- Location: Abilene, Texas, U.S.
- Date: February 4, 2007; 19 years ago c. 11:30 p.m. (CST)
- Attack type: Child murder, stabbing, strangulation, sororicide
- Weapon: Knife
- Victim: Ella Bennett, aged 4
- Perpetrator: Paris Lee Bennett
- Motive: Revenge against his mother
- Verdict: Pleaded guilty
- Convictions: Capital murder
- Sentence: 40 years in prison (parole possible after 20 years)

= Murder of Ella Bennett =

2007 child murder in Abilene, Texas

On February 4, 2007, 13-year-old Paris Lee Bennett murdered his 4-year-old sister, Ella Bennett, in Abilene, Texas. Paris stabbed Ella 17 times.

The motive for the murder was Paris's resentment towards his mother, Charity Bennett, as he believed the most effective way to emotionally damage her was to take away one of her children.

Paris pleaded guilty in juvenile court to capital murder, and was given the maximum sentence of 40 years in prison, with the possibility of parole after 20 years. Following the murder, Paris was evaluated and met criteria for conduct disorder.

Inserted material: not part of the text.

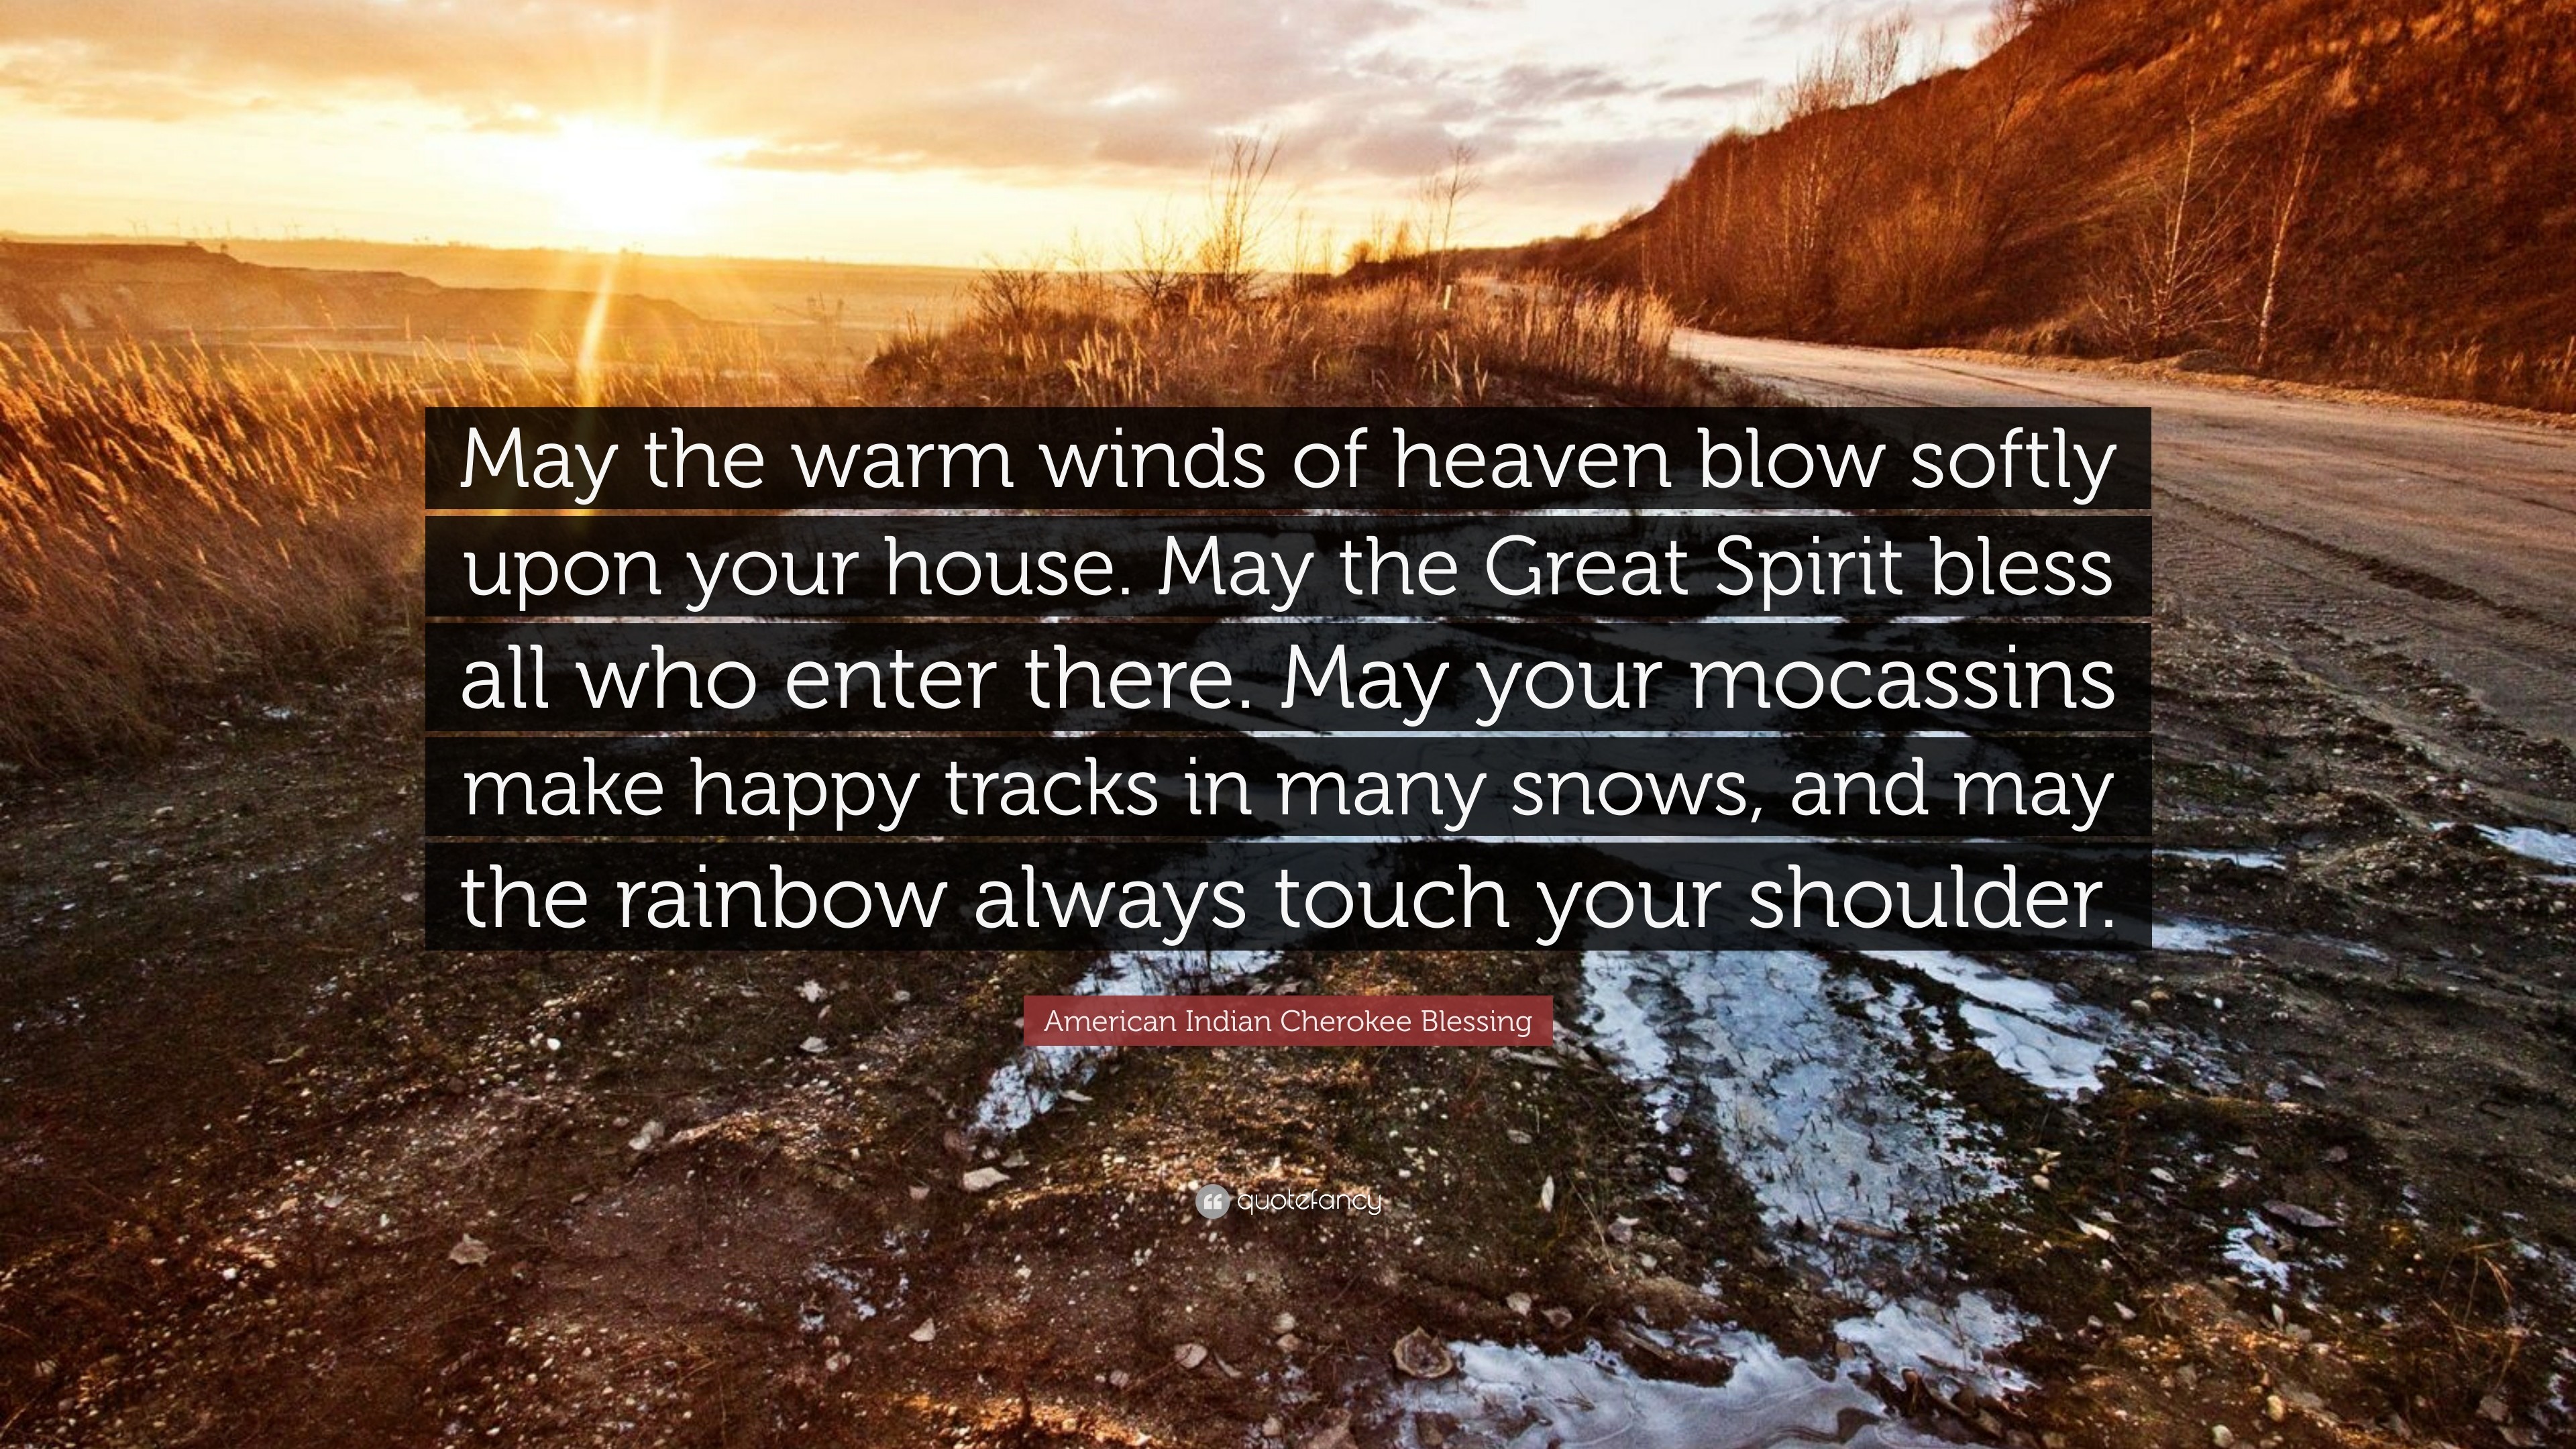 3840x2160 American Indian Cherokee Blessing Quote: “May the warm winds of heaven blow  softly upon
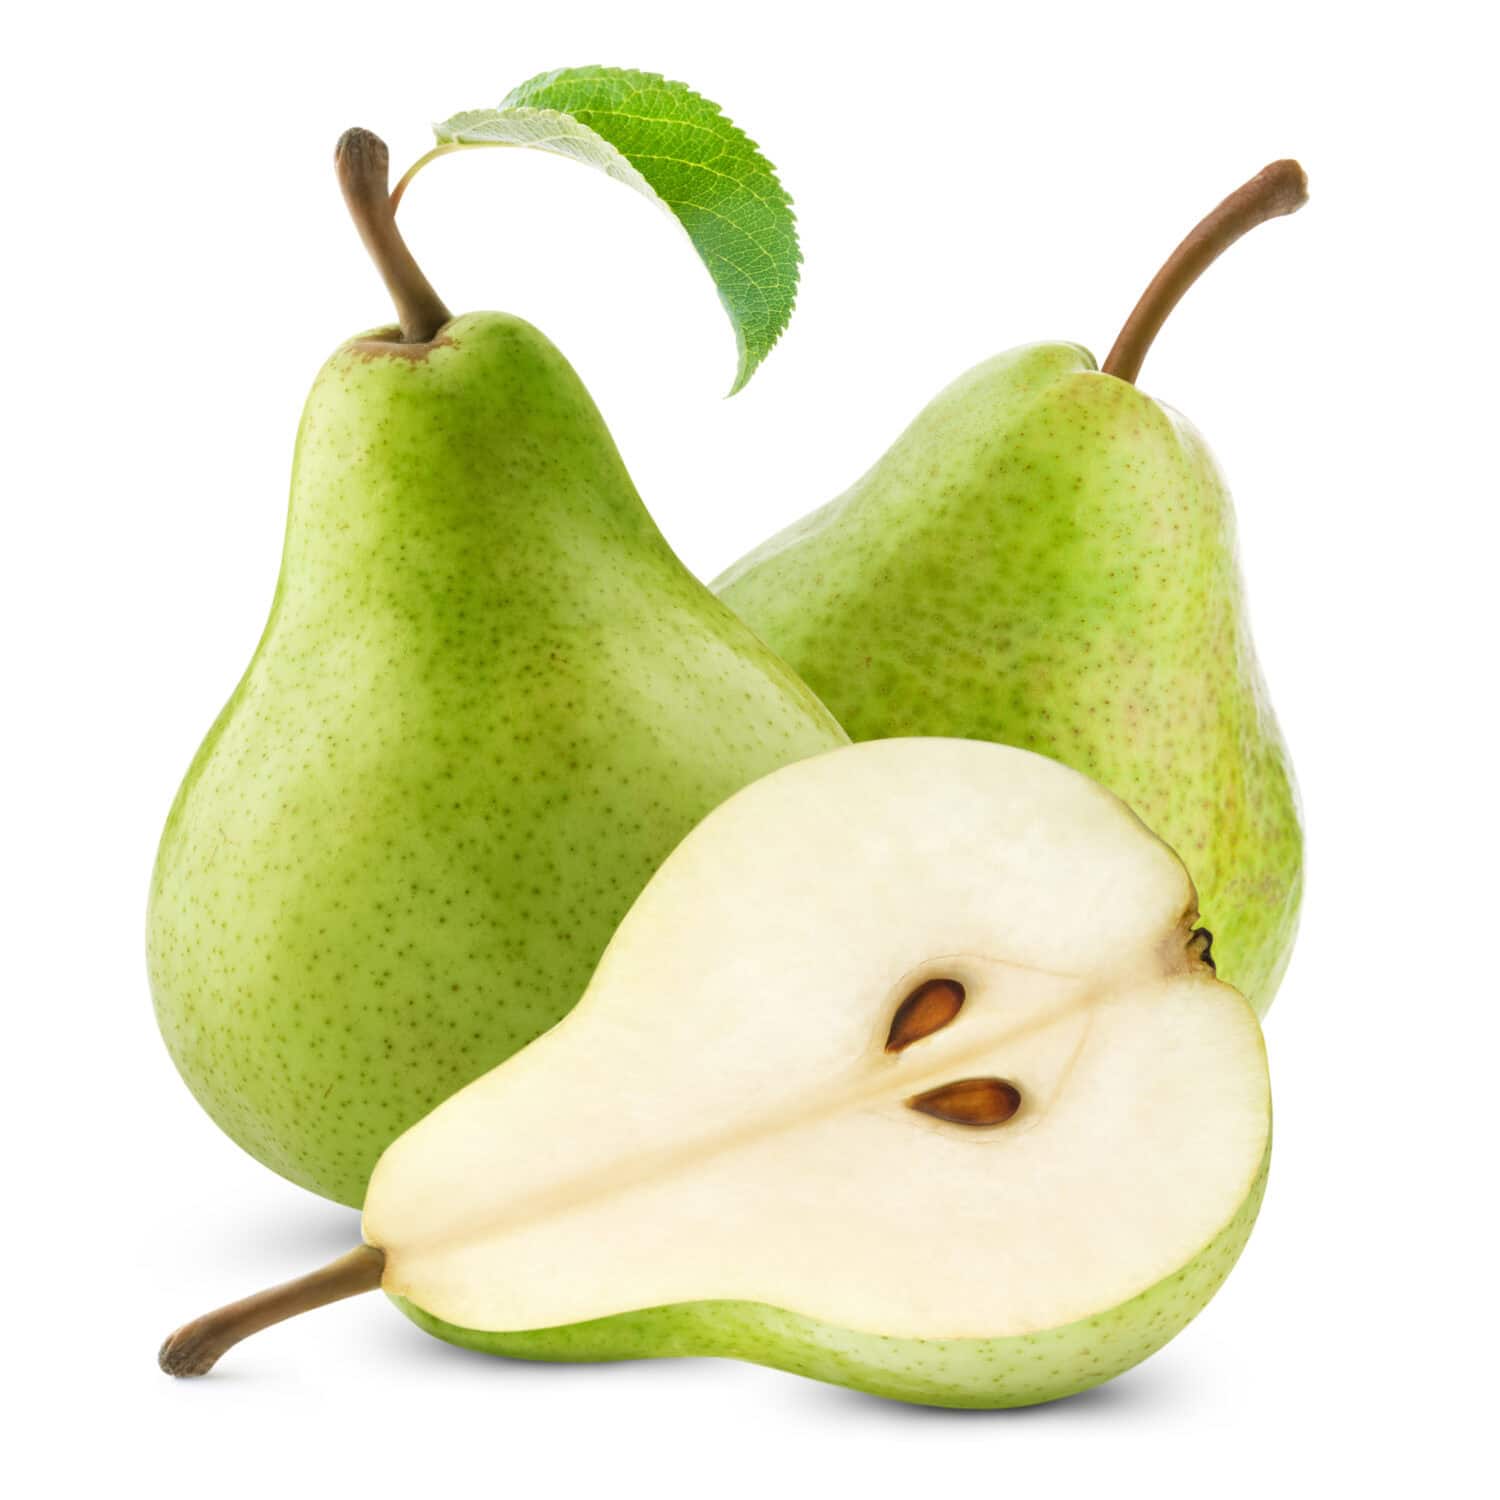 ripe pears with leaf isolated

The murder has gained extensive attention due to its circumstances, as well as the ages of both the perpetrator and the victim.

== Background ==
Charity Bennett, the mother of Paris and Ella Bennett, was Kyla Claar Bennett's daughter. Kyla Bennett was charged with conspiring to murder her husband and Charity's father, James Robert Bennett Jr. She was controversially found not guilty, and Charity believes her mother was actually guilty. Kyla later joked in a documentary about "manipulat[ing]" the jury. During her childhood, Charity became addicted to drugs in an attempt to gain attention from her mother, but Kyla never showed any interest.

== Murder ==
Shortly before the murder, Charity had relapsed into drug addiction. This was believed to be Paris's breaking point, making him decide to murder Ella. However, Paris displayed warning signs of violence before the murder and has since admitted to feeling homicidal tendencies since he was a young child.

On February 4, 2007, Charity hired a babysitter; she had to work late at her job at the Buffalo Wild Wings restaurant because it was the night of the 2007 Super Bowl. Around 10:00 PM, Paris manipulated the babysitter and convinced her to leave the house. Later that night, sometime before 11:30 PM, Paris entered Ella's room and stabbed her 17 times. Following the murder, he called a school friend for about six minutes before deciding to call 9-1-1 at 11:42 PM. On the call, Paris appeared to fake insanity, telling the dispatcher that he thought Ella was a demon and stabbed her. The dispatcher instructed Paris to perform CPR. Instead, he pretended he was by counting along with the dispatcher as he paced around the room. Paris was later arrested sometime before 12:30 AM.

== Legal proceedings ==
Following his arrest, Paris was charged with the capital murder of Ella. Paris was not charged as an adult, since the minimum age a juvenile can be tried as an adult in Texas is 14. He was instead charged in juvenile court and pleaded guilty to capital murder. He was sentenced to 40 years in prison with the possibility of parole after 20 years, which is the maximum sentence for a defendant convicted of capital murder in juvenile court in Texas. When he was 19, Paris was transferred to adult prison.

During proceedings, further assessment using standardized measures documented significant psychopathic traits. He said he's had homicidal ideation since he was a child. Paris will first be eligible for parole in February 2027. If he is never granted parole he will be released in February 2047, when he will be 53 years of age.

== Aftermath ==
Charity initially maintained contact with Paris after the murder, which Paris said astounded him. Charity has been told that she and her new son are at risk once Paris is released, which she accepts. She has acknowledged that she will most likely need to move to a new location once Paris is released. Experts have said that it is unlikely that Paris could ever be rehabilitated.

In 2017, a documentary titled The Family I Had was released about the case; it focused on Charity's life of being the daughter of a murder suspect (Kyla), and the mother of both a murderer (Paris) and a murder victim (Ella).

In 2019, Paris Bennett made headlines when he gave an interview to broadcaster Piers Morgan.

In 2021, Charity stated that she had ceased all communication with Paris after learning he was involved with a woman who was on bond two hours away from where she lived for planning a mass shooting. She stated, "I finally accepted it is okay to love him as my son but really dislike the man he has become."

In 2026, Investigation Discovery aired the episode "The Child I Thought I Knew" on their series Evil Lives Here: My Child The Killer.